Maine is rolling out the Docket for Schools system as the state continues to enact policies ensuring access to COVID-19 vaccines.

Last month, Mills issued a standing order authorizing healthcare providers in the state to administer COVID-19 vaccines without a prescription.

The order was in response to new federal guidelines limiting COVID-19 vaccine recommendations to the elderly and high-risk groups, although the vaccine is still available to anyone who wants it. Maine enacted its new policy in coordination with public health officials from several other northeastern states.

During the COVID-19 pandemic, Maine nurses who refused to comply with the state’s vaccine mandate for healthcare workers were fired, including nurses who were denied religious exemptions.

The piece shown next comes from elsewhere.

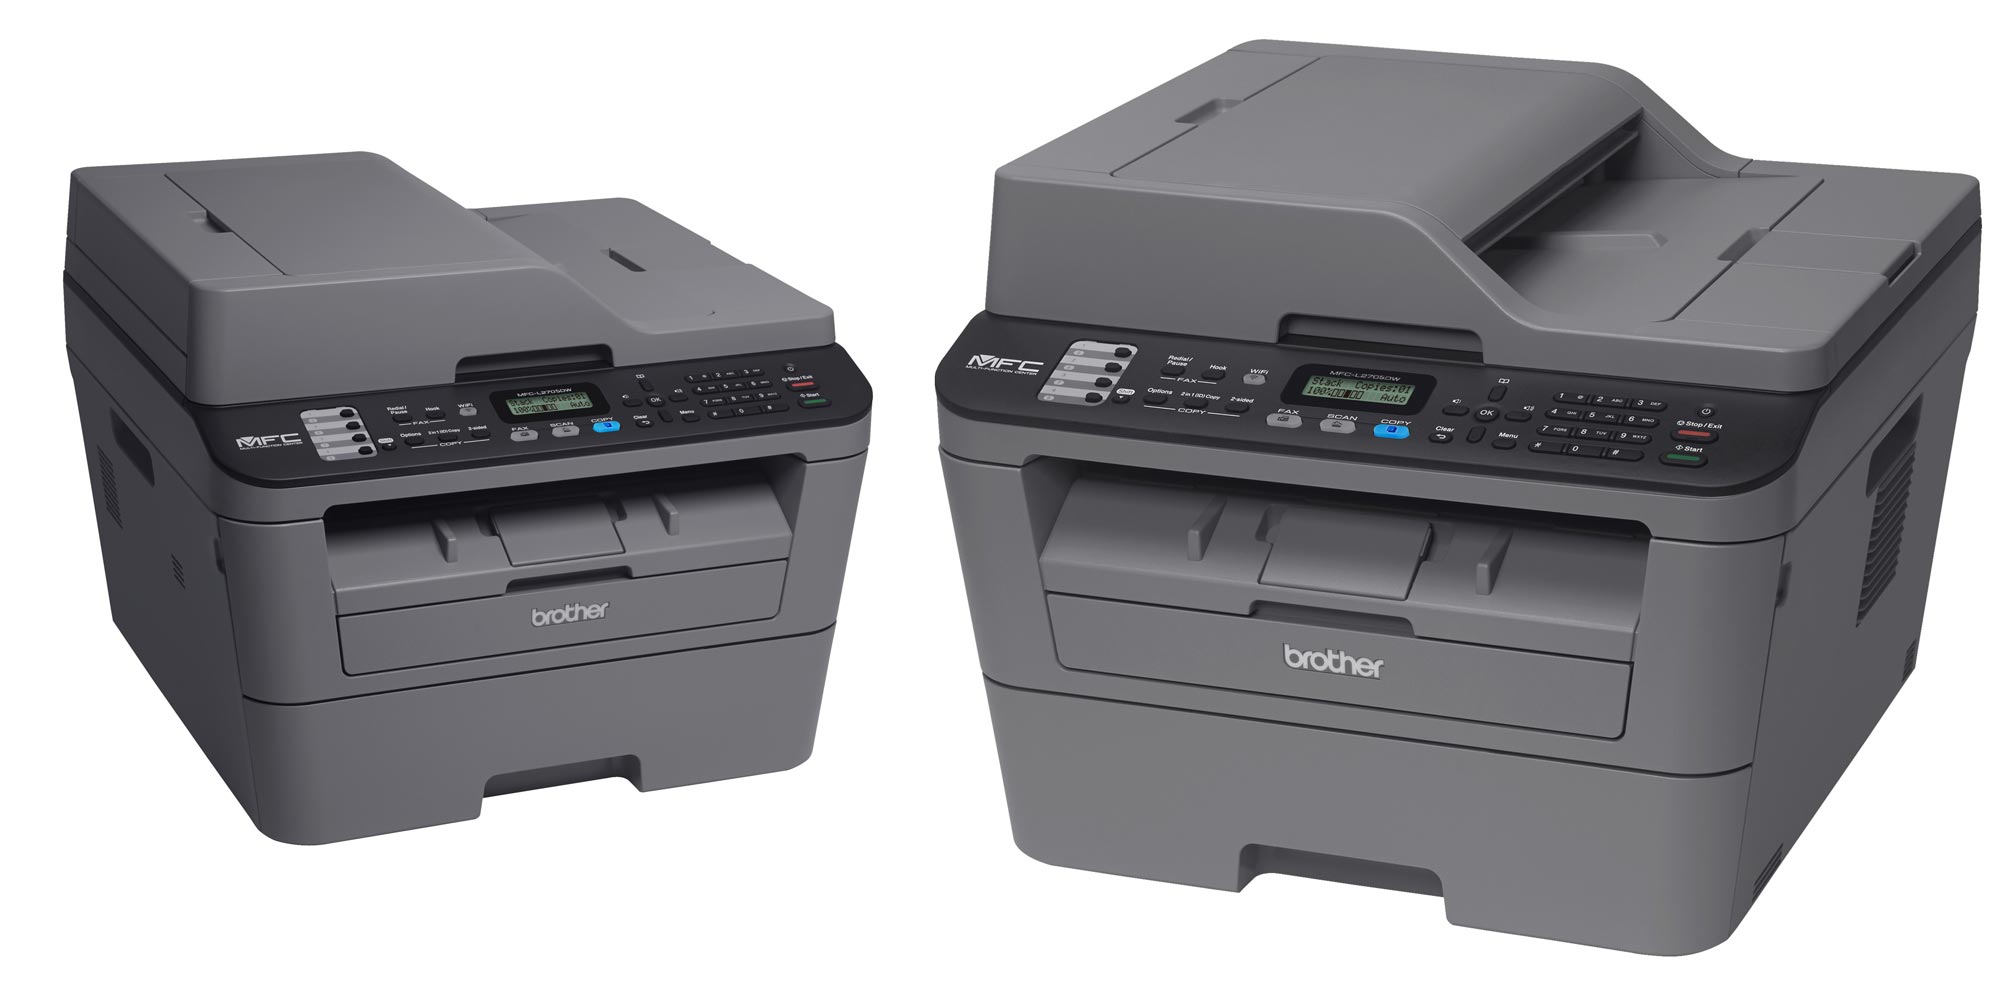 brother mfc j4510dw printer will not scan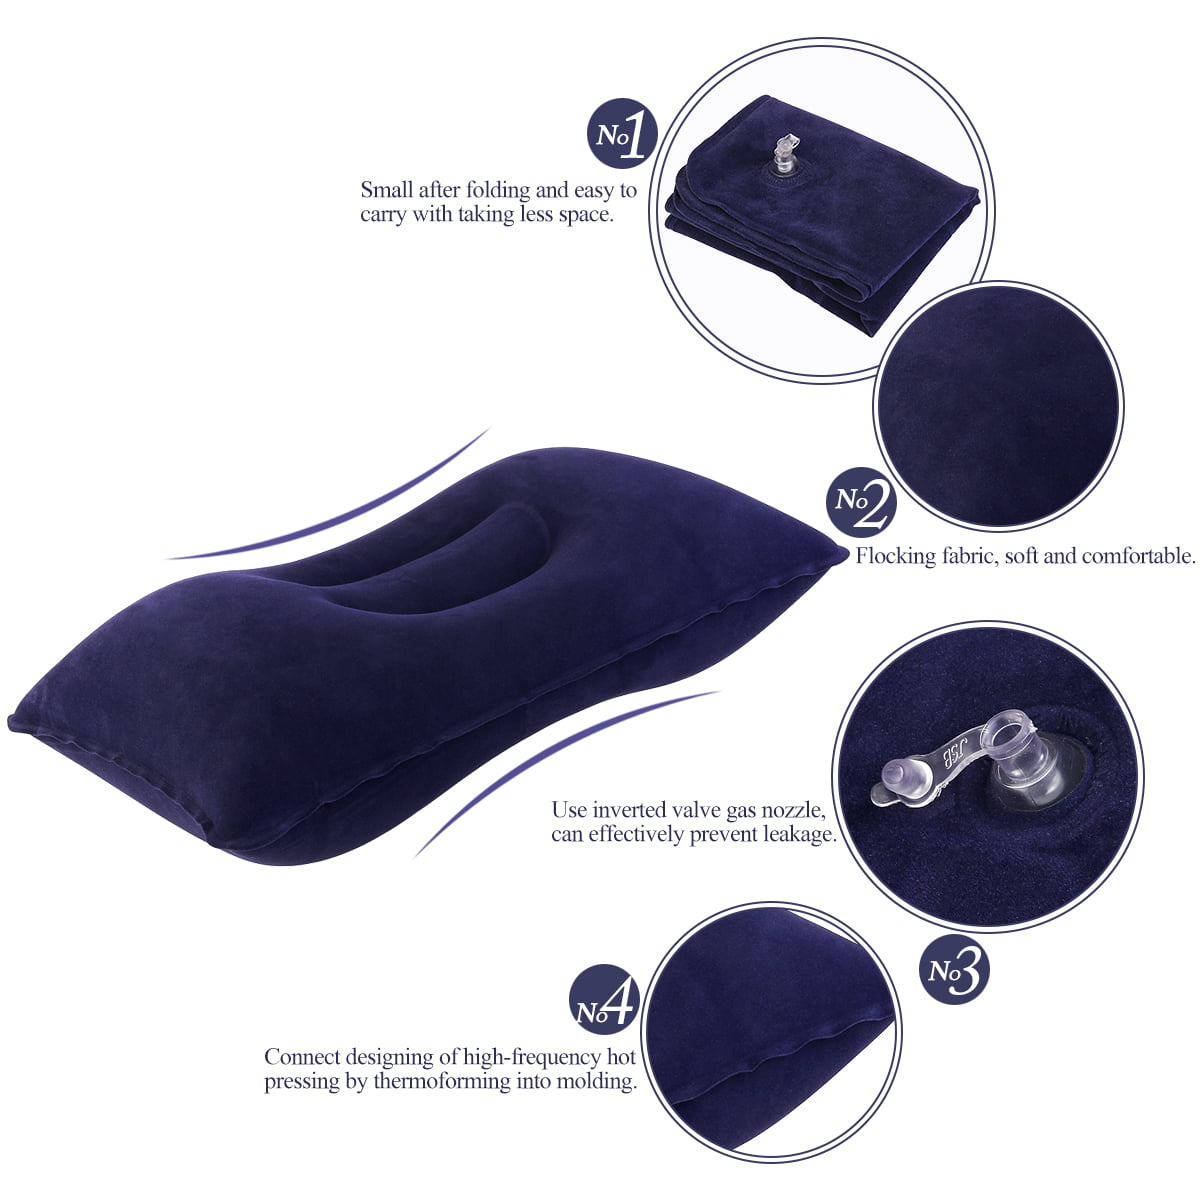 Super-Thick Flocking Fabric Inflatable Pillow Portable Travel Pillow Dark Bl...

In June, the U.S. Supreme Court refused to hear an appeal challenging the firings. Maine repealed its mandate for healthcare workers in 2023. After Maine lifted the mandate, some healthcare employers in the state offered to rehire the fired nurses.

In March, the Maine Supreme Judicial Court upheld a lower court ruling that school medical staff cannot be held liable for giving a COVID-19 vaccine to a minor without obtaining parental consent.

The ruling stemmed from a lawsuit filed in 2023 by the parents of a boy who received the Pfizer-BioNTech COVID-19 vaccine in 2021 at his school, though his parents did not consent to the vaccination.